* **ASSIGNMENT**
Retype the listing exactly. Leave out the images.

=== SOURCE DATA ===

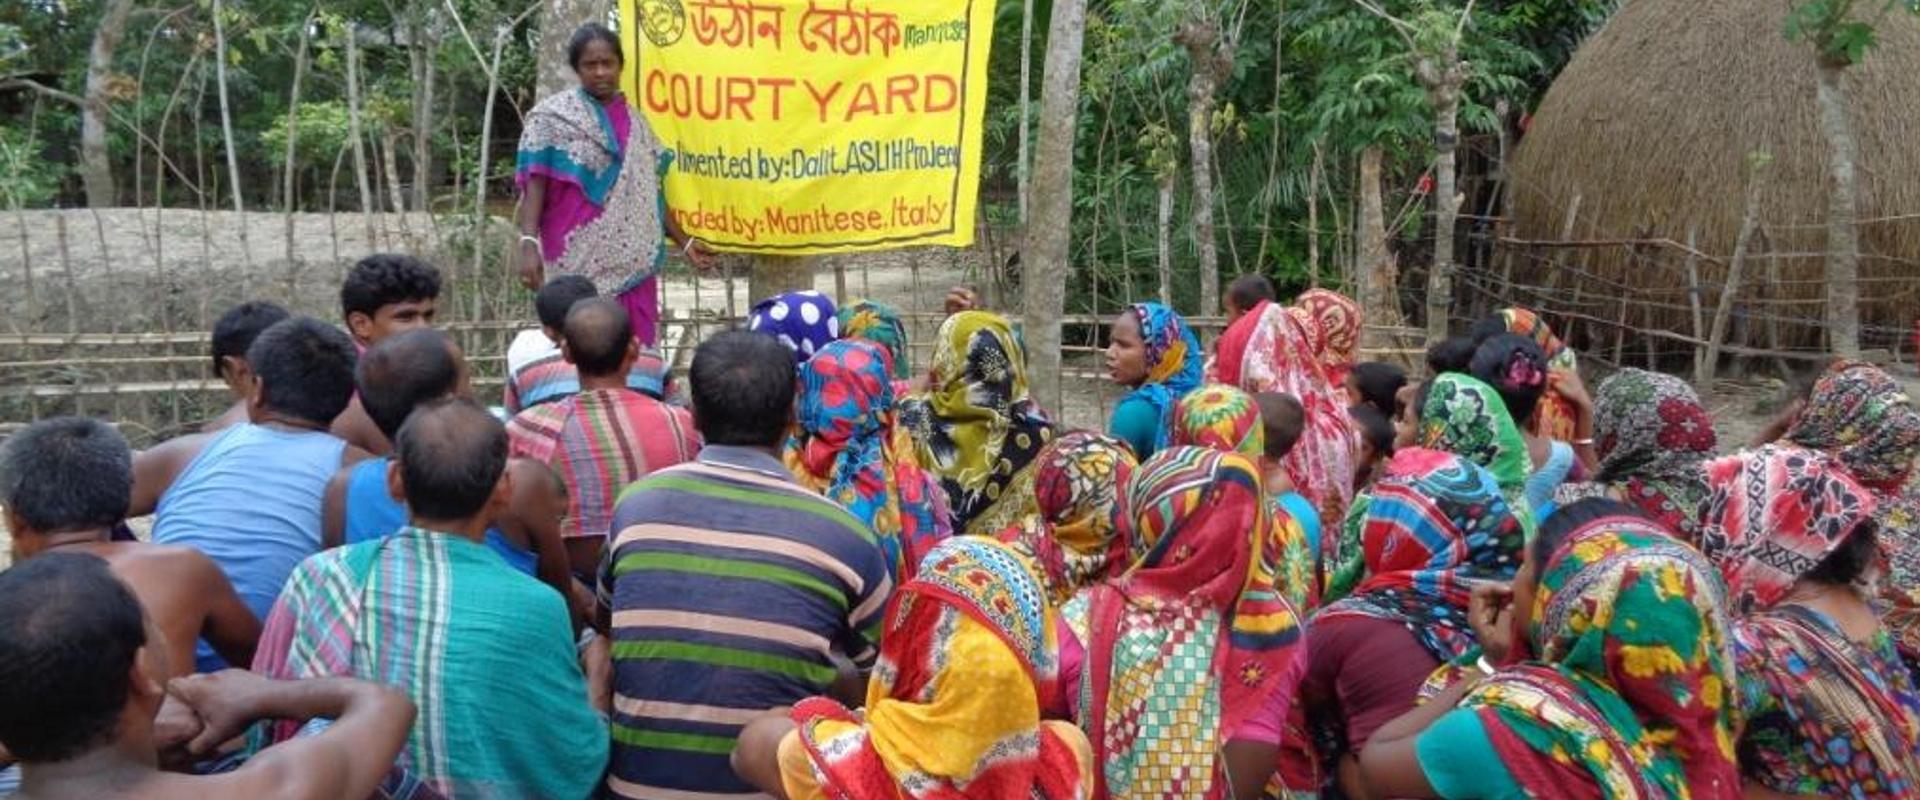 villaggio_bangladesh_mani tese_2017
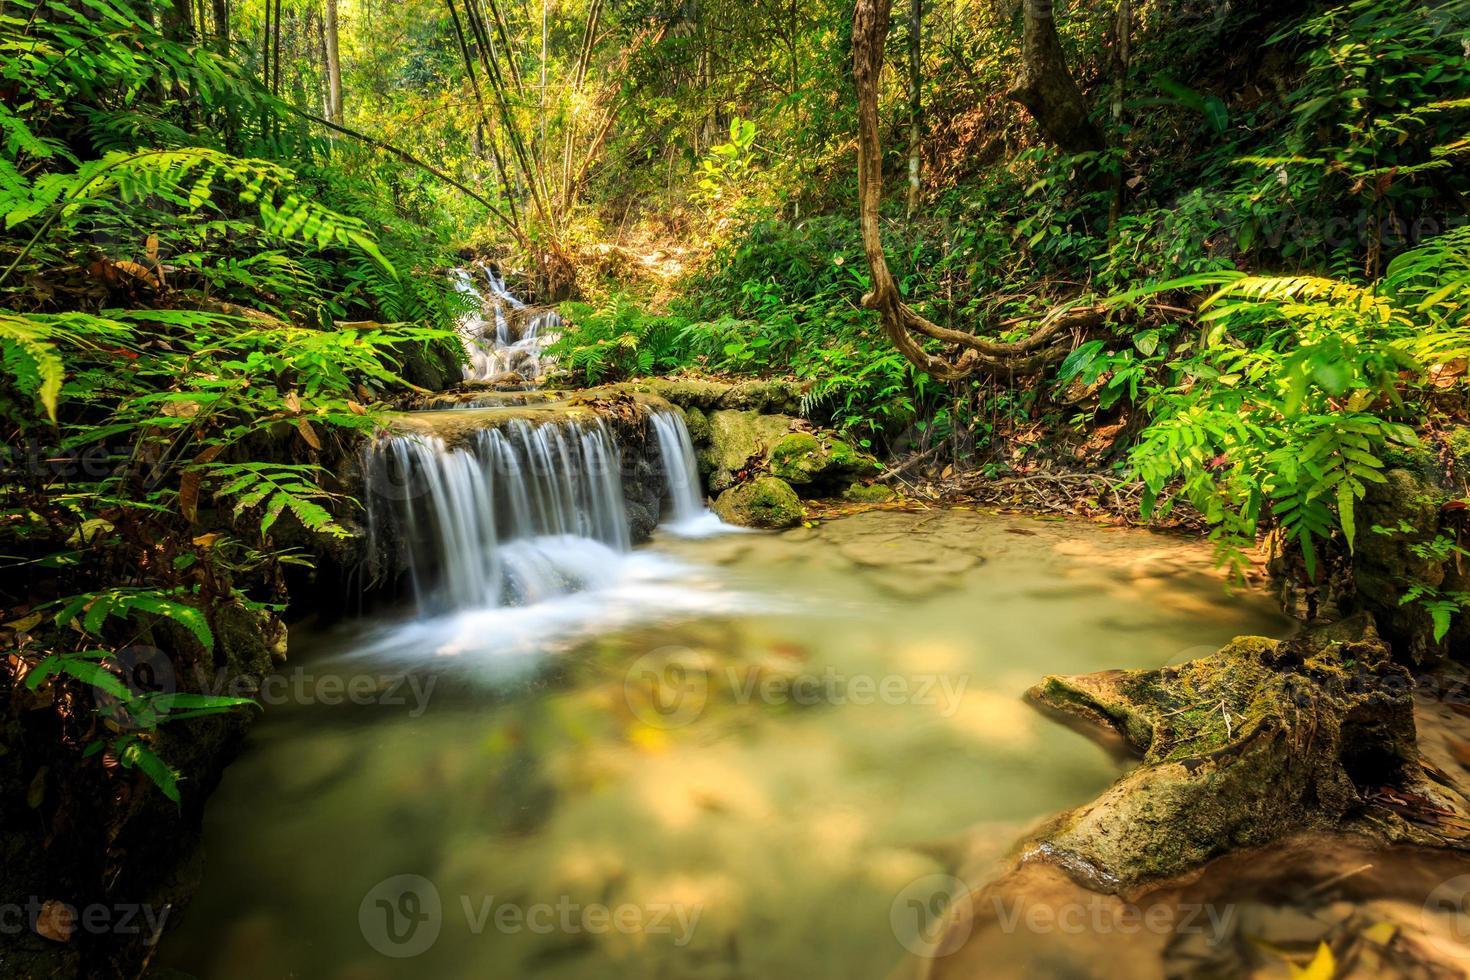 wundervoller wasserfall in thailand, pugang chiangrai foto
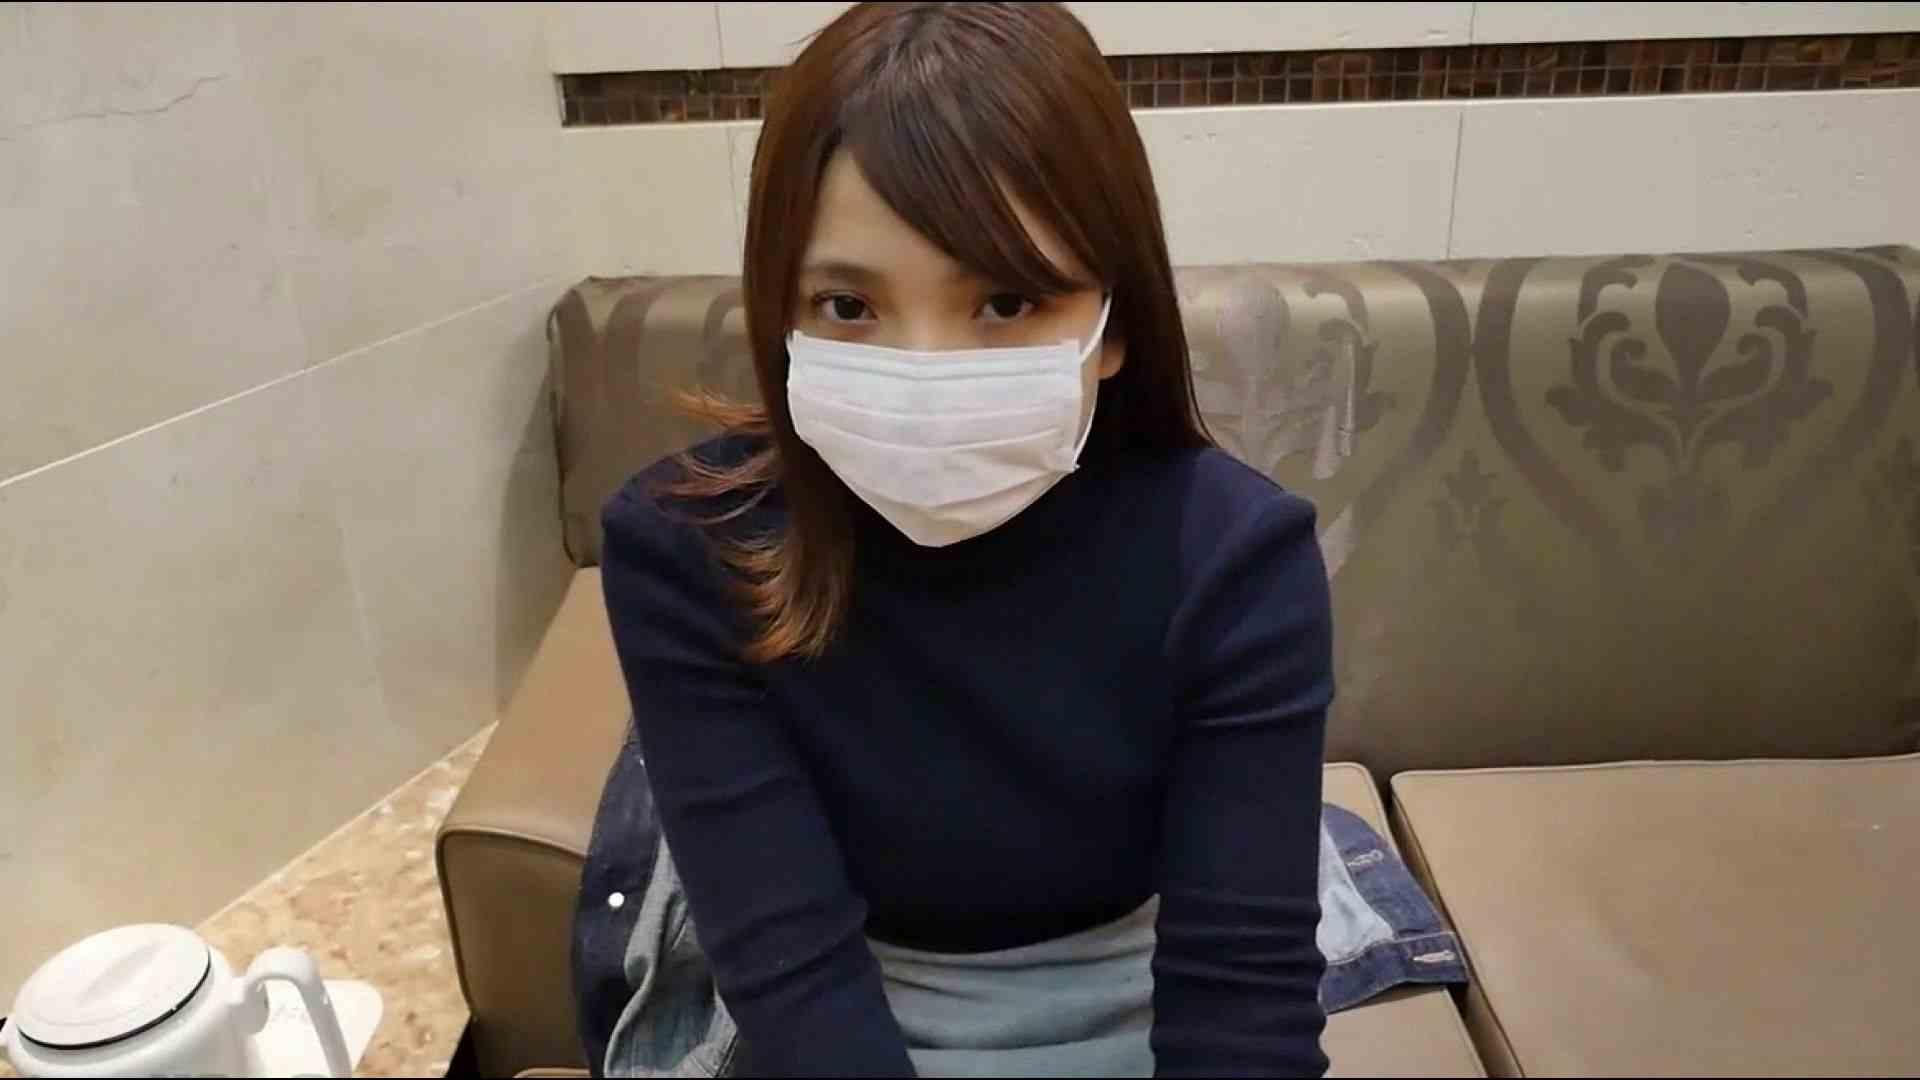 S級厳選美女ビッチガールVol.41 前編 OL女体  105連発 38

===

* **RESPONSE BELOW**
 villaggio_bangladesh_mani tese_2017
 wundervoller wasserfall in thailand, pugang chiangrai foto
 S級厳選美女ビッチガールVol.41 前編 OL女体  105連発 38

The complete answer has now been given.